### DATA PROVIDED
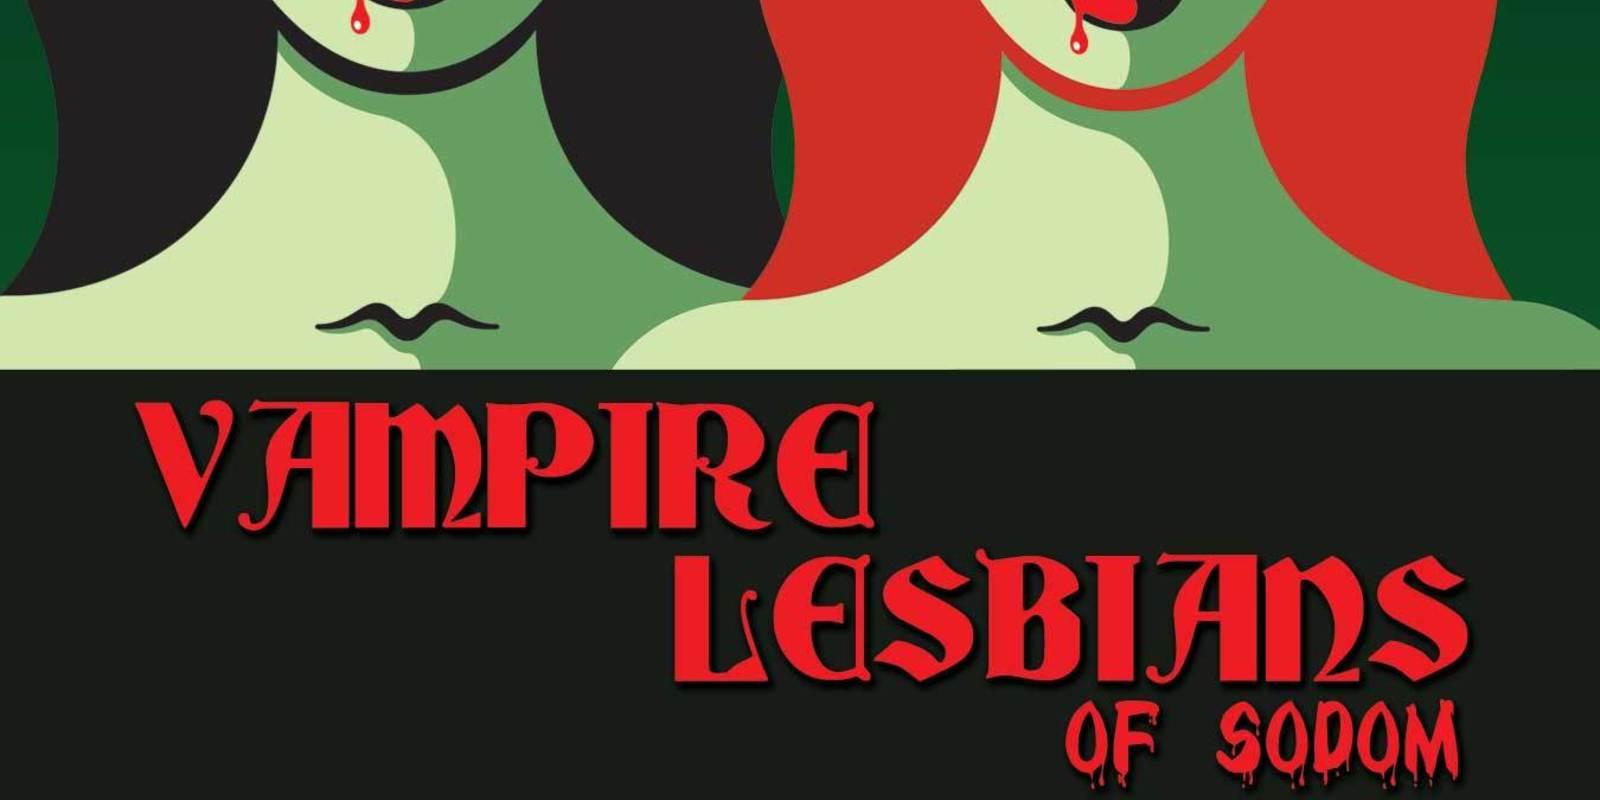 Vampire Lesbians of Sodom by Charles Busch
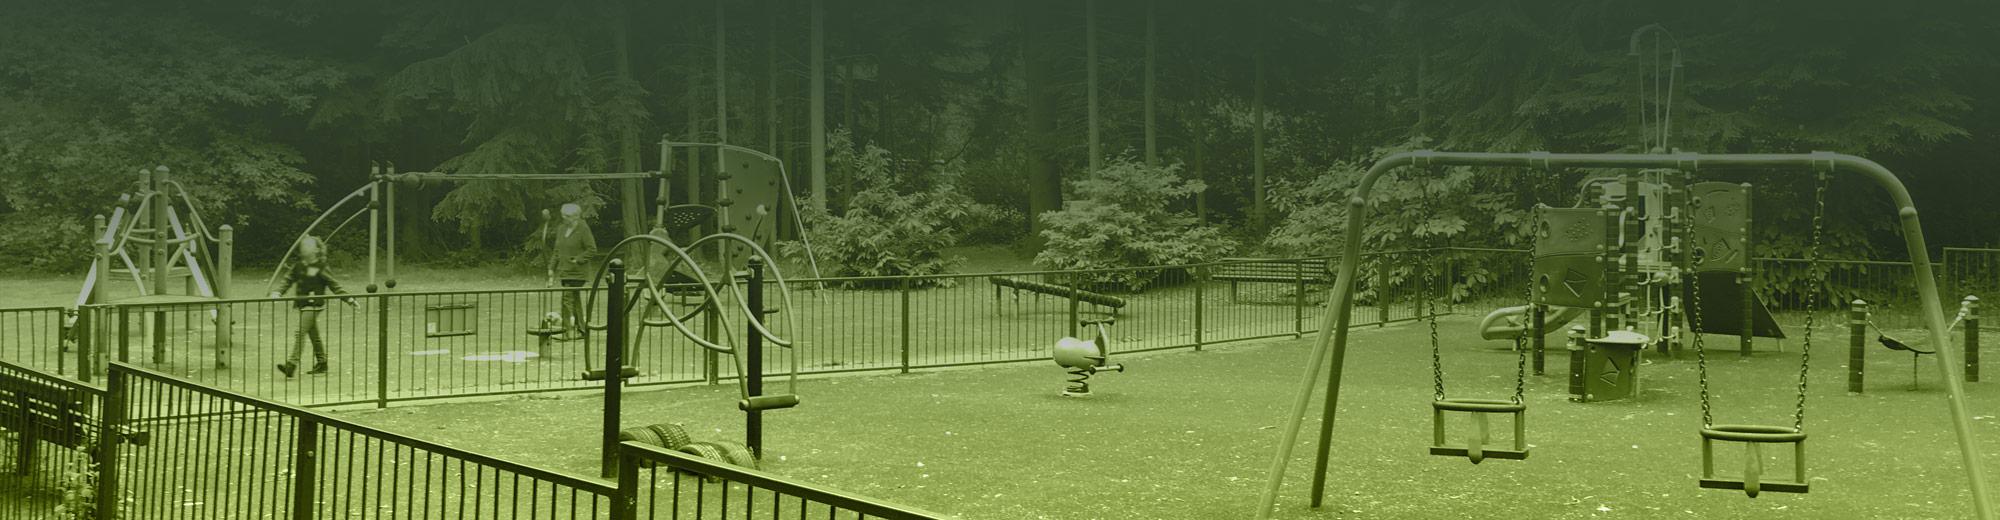 Winkfield Playground
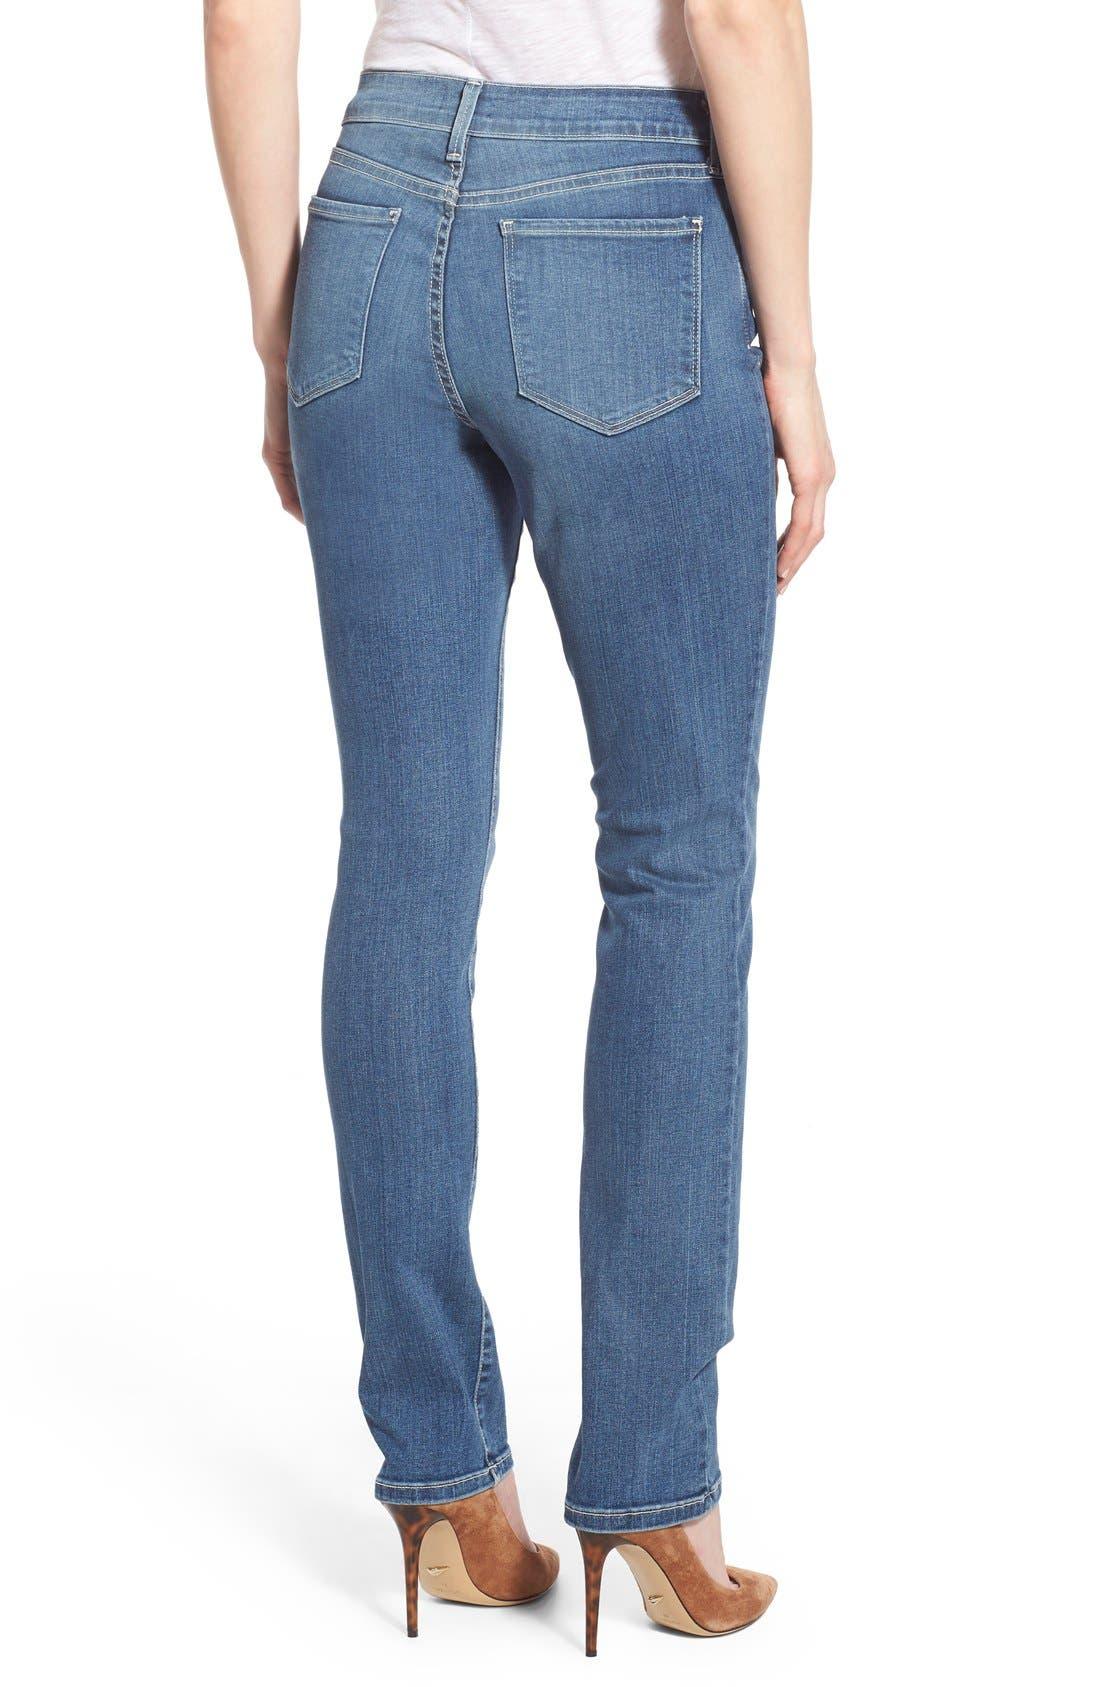 Alternate Image 2  - NYDJ 'Samantha' Stretch Slim Straight Leg Jeans (Heyburn) (Regular & Petite)

### WHAT THE EXERCISE ASKS
Repeat the data exactly as written, but without the pictures.

### EXERCISE OUTPUT
 Vampire Lesbians of Sodom by Charles Busch
 Winkfield Playground
 Alternate Image 2  - NYDJ 'Samantha' Stretch Slim Straight Leg Jeans (Heyburn) (Regular & Petite)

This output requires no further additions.